Since the late 1990s, U.S. homeland missile defense efforts have been scoped around defending the country from a “limited” ballistic missile threat from North Korea and Iran. Earlier post–Cold War efforts focused on a wider range of potential threats. Because Iran does not currently possess an ICBM capability, the nominal threat today concerns North Korea, which has conducted three ICBM tests involving two separate missile designs.

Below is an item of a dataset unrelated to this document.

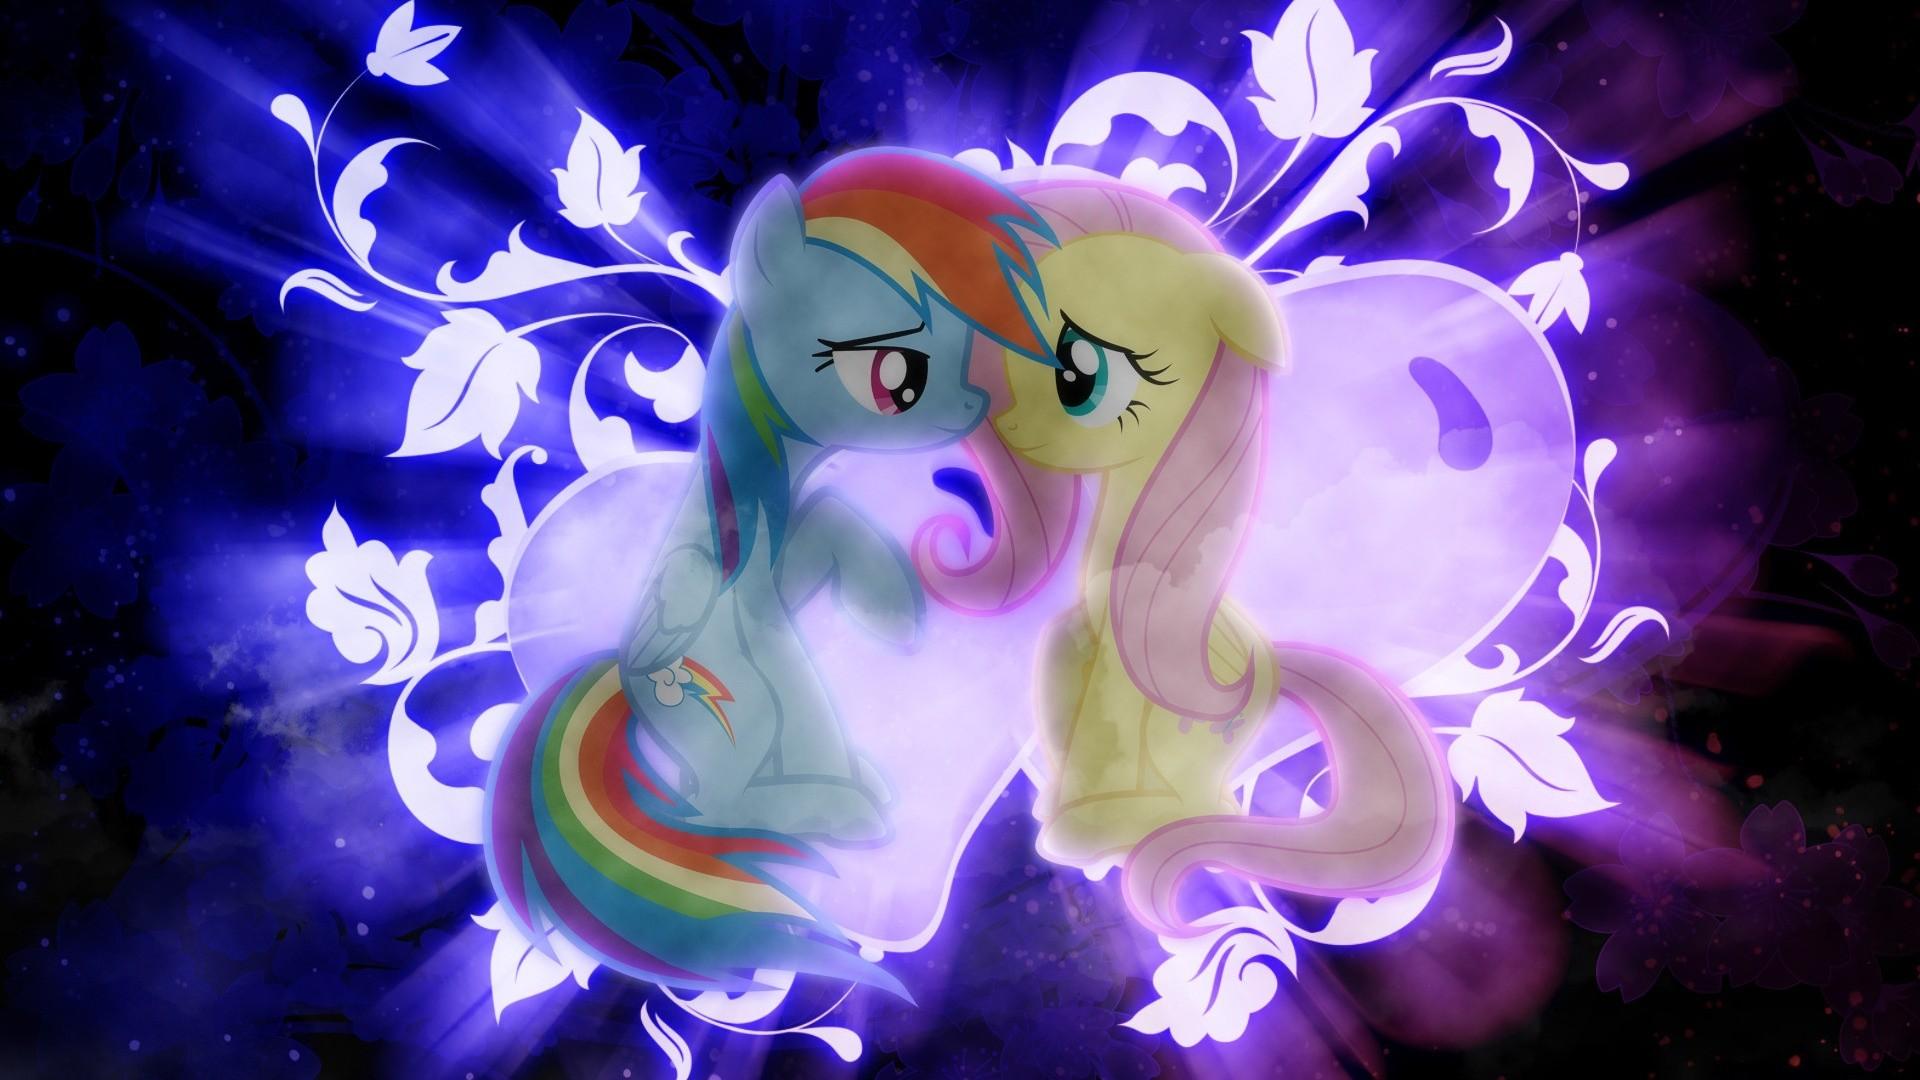 Rainbow Dash and Fluttershy shipping wallpaper.jpg

Beyond North Korea, however, Russia and China have long expressed concerns that the United States seeks to counter their capacity to use ICBMs against it. These concerns have intensified since the United States in 2002 withdrew from the 1972 Anti-Ballistic Missile Treaty. The 2019 U.S. Missile Defense Review (MDR) notes that the United States “relies on deterrence” (as opposed to missile defense) to protect the homeland against “Russian and Chinese intercontinental ballistic missile threats.” But officials in both countries have expressed concerns that U.S. homeland missile defense efforts undermine their strategic nuclear deterrents.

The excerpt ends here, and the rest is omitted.